Protocol of exclusion (robot.txt):

  • Has to be public;
  • Indication, not compulsory;
  • Discloses sensible information;
  • Google hack: intitle:index.of robots.txt

Problems

  • Search engines find sensible information.
  • Content and links are different things. A linked content might not be in the same place as the source content where the link is published.
  • Users can link sensible information/contents.
  • Broken links and permalinks: content might be moved but engines/users might track and re-link that content.
  • Outdated versions (cache): to avoid repeated visiting, search engines save old versions of sites (caches), which stand for a specific time even if some content is deleted.
  • Software vulnerabilities:
  • Browsing patterns (case of AOL): what a user does on the Internet can be tracked and reveal personal information.

Nowadays, most ways to remain anonymous on the Internet is opting out of services like web crawling by search engines.

With the Web 2.0 things become more complicated. Initiallly, “all” content was originated by the “owner” of a website: you needed a hosting and to directly manage that site. When everyone can create or share content in a very easy and immediate way, the relationship server/hosting-manager-content is not as straightforward as it used to be.
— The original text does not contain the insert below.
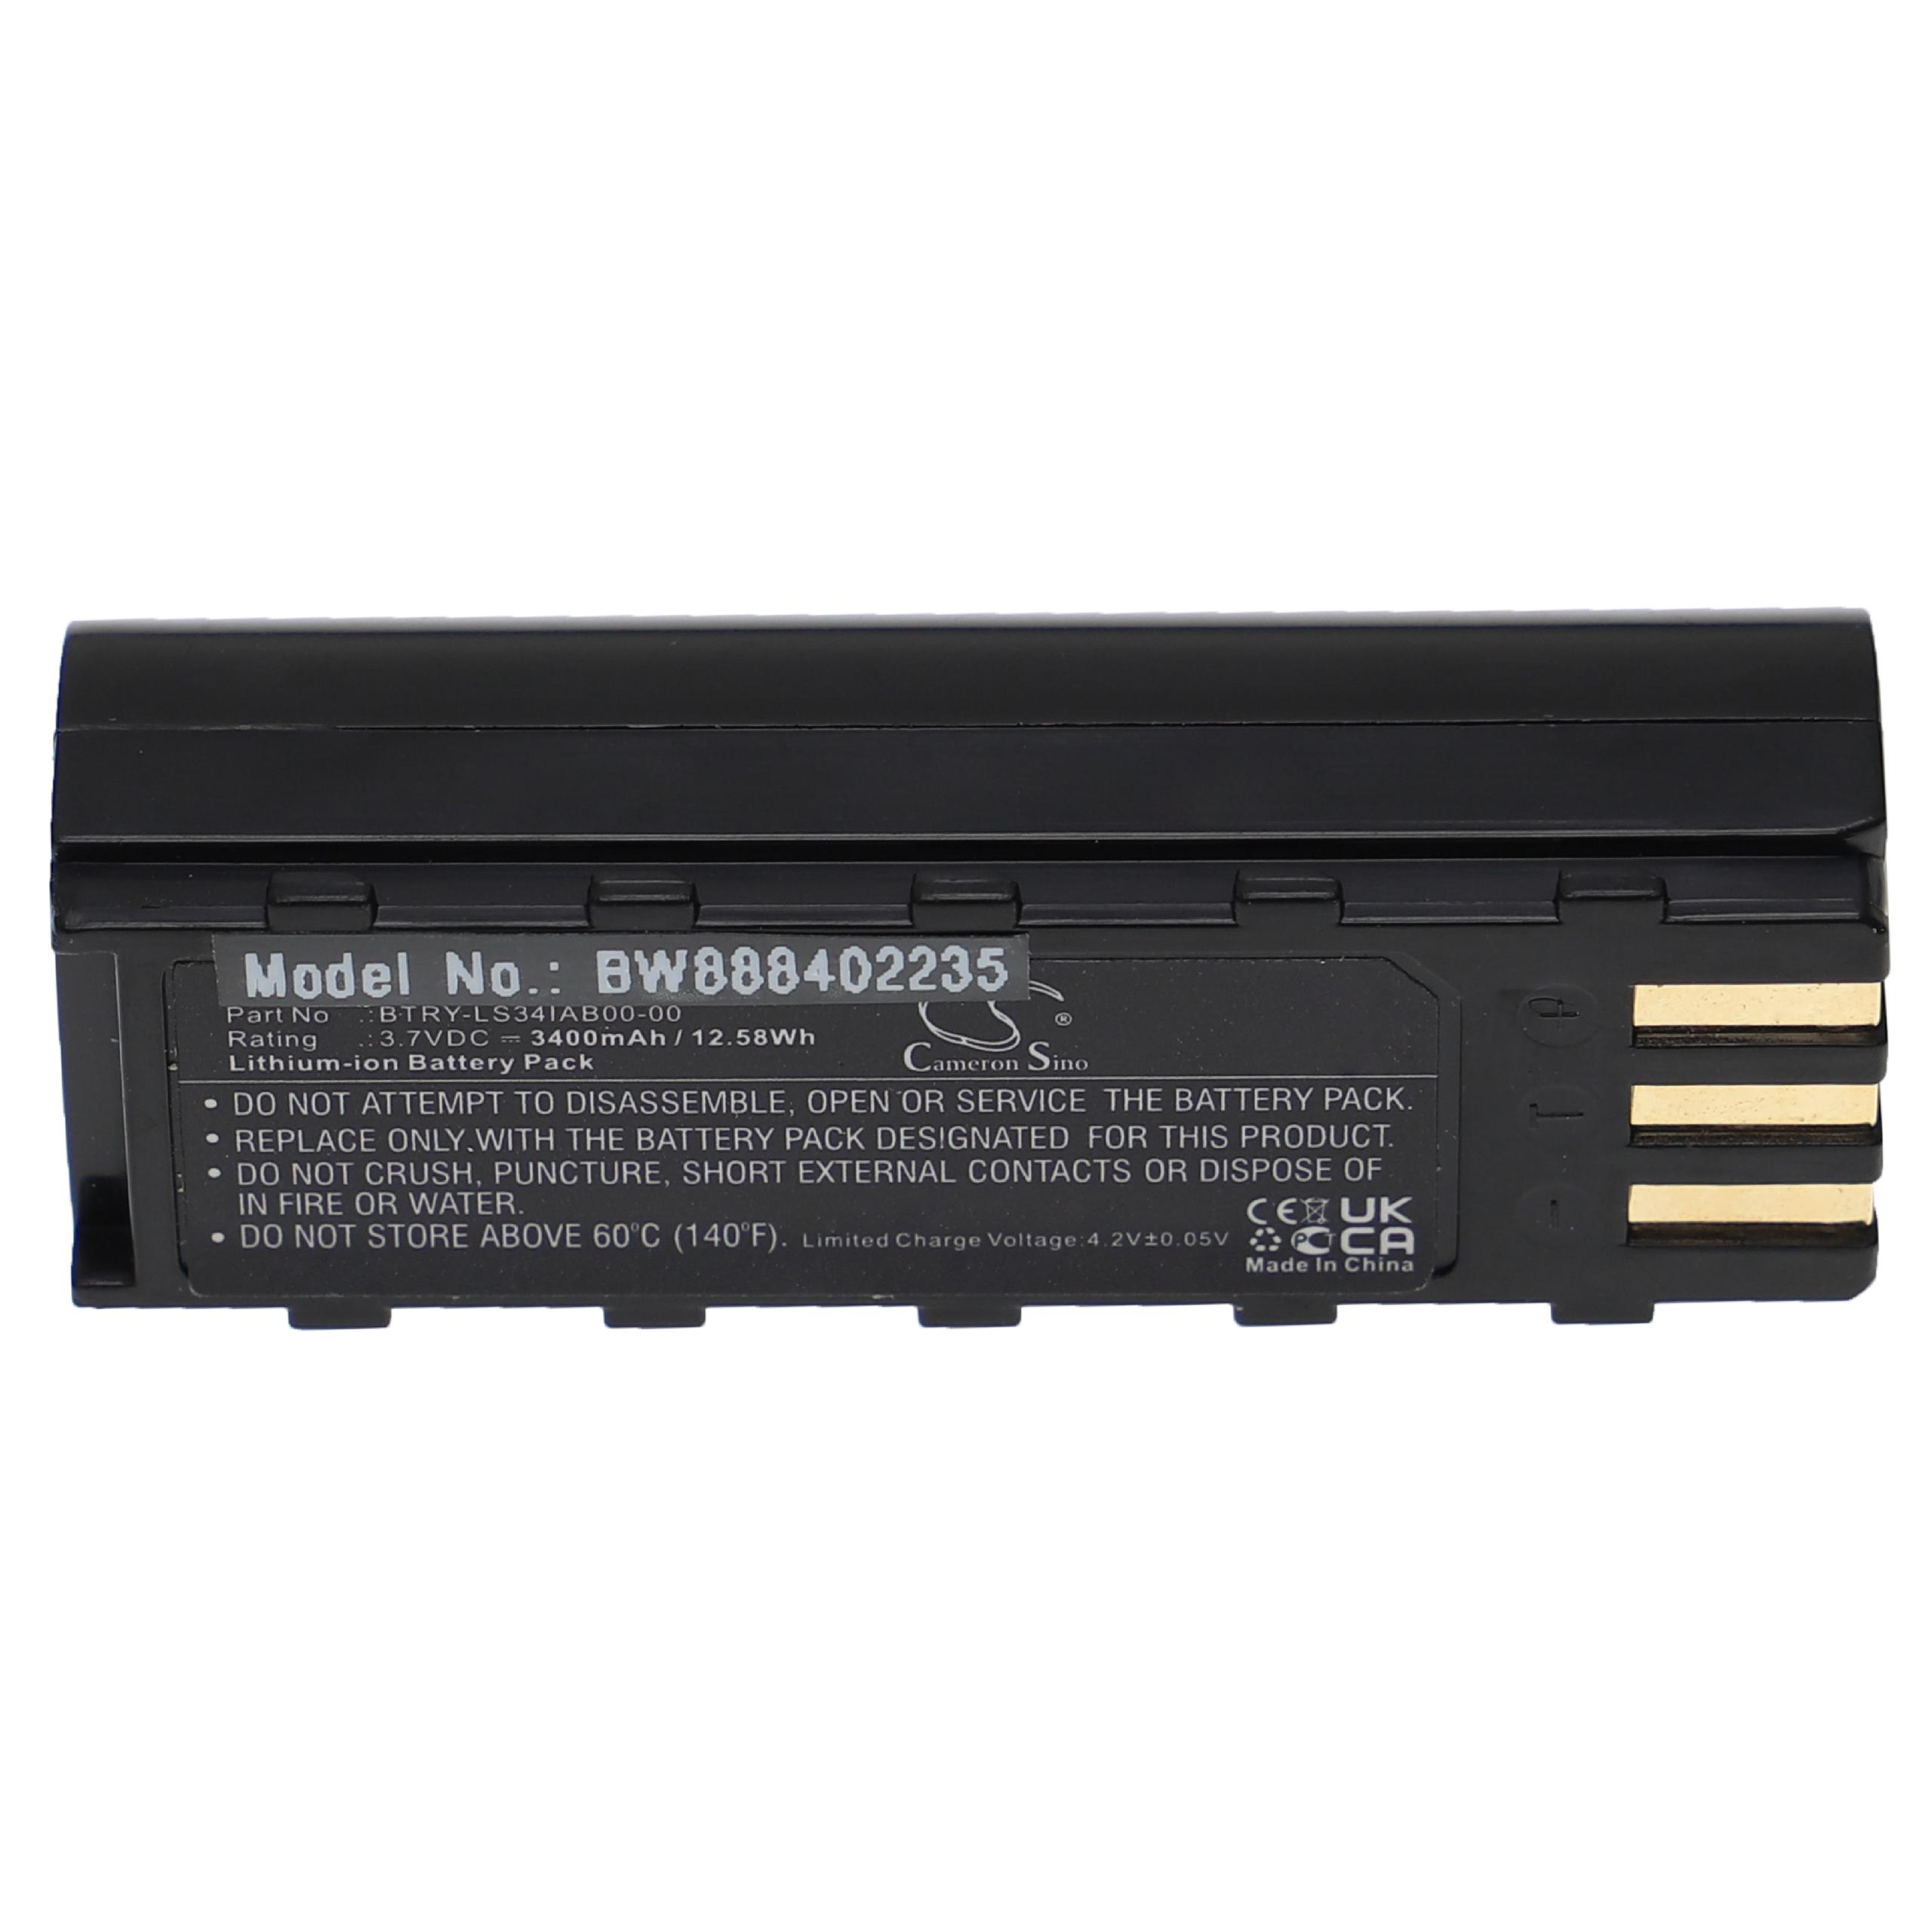 Batterie remplace Motorola 21-62606-01 pour scanner de code-barre - 3400mAh 3,7V Li-ion

Linking and tagging also complicate even more the landscape. And with the upcoming semantic web, cross-search and crossing data from different sources can make it easy to retrieve complex information and find out really sensible information.

Privacy?

  • Users demand more and more services and are willing to give their privacy away for a handful of candies.
  • Personalization is often on a trade-off relationship with privacy, and people demand more personalization.
  • Opt-in should be the default, but it raises barriers to quick access to sites/services, hence opt-out is the default.
  • An increased trend in egosurfing and aim for e-stardom is accompanied by an increasing trail of data left behind by users.

Liabilities:

  • The creator of content
  • The uploader
  • The one who links
  • The one who tags
  • Search engines
  • End users
  • ISPs
  • Aggregators
  • Developers
  • Social networking sites
  • etc.

Discussion

Ramon Casas points at Google cache and, while being not strictly necessary to run the search engine, it represents an ilegal copy and/or access to content that (in many cases) was removed from its original website. In his example the museum closes at 20:00 but Google leaves the back door open until 22:00.

References

Bruce Kasanoff (2001). Making It Personal: How to Profit from Personalization without Invading Privacy. See a review by Julià Minguillón at UOC Papers.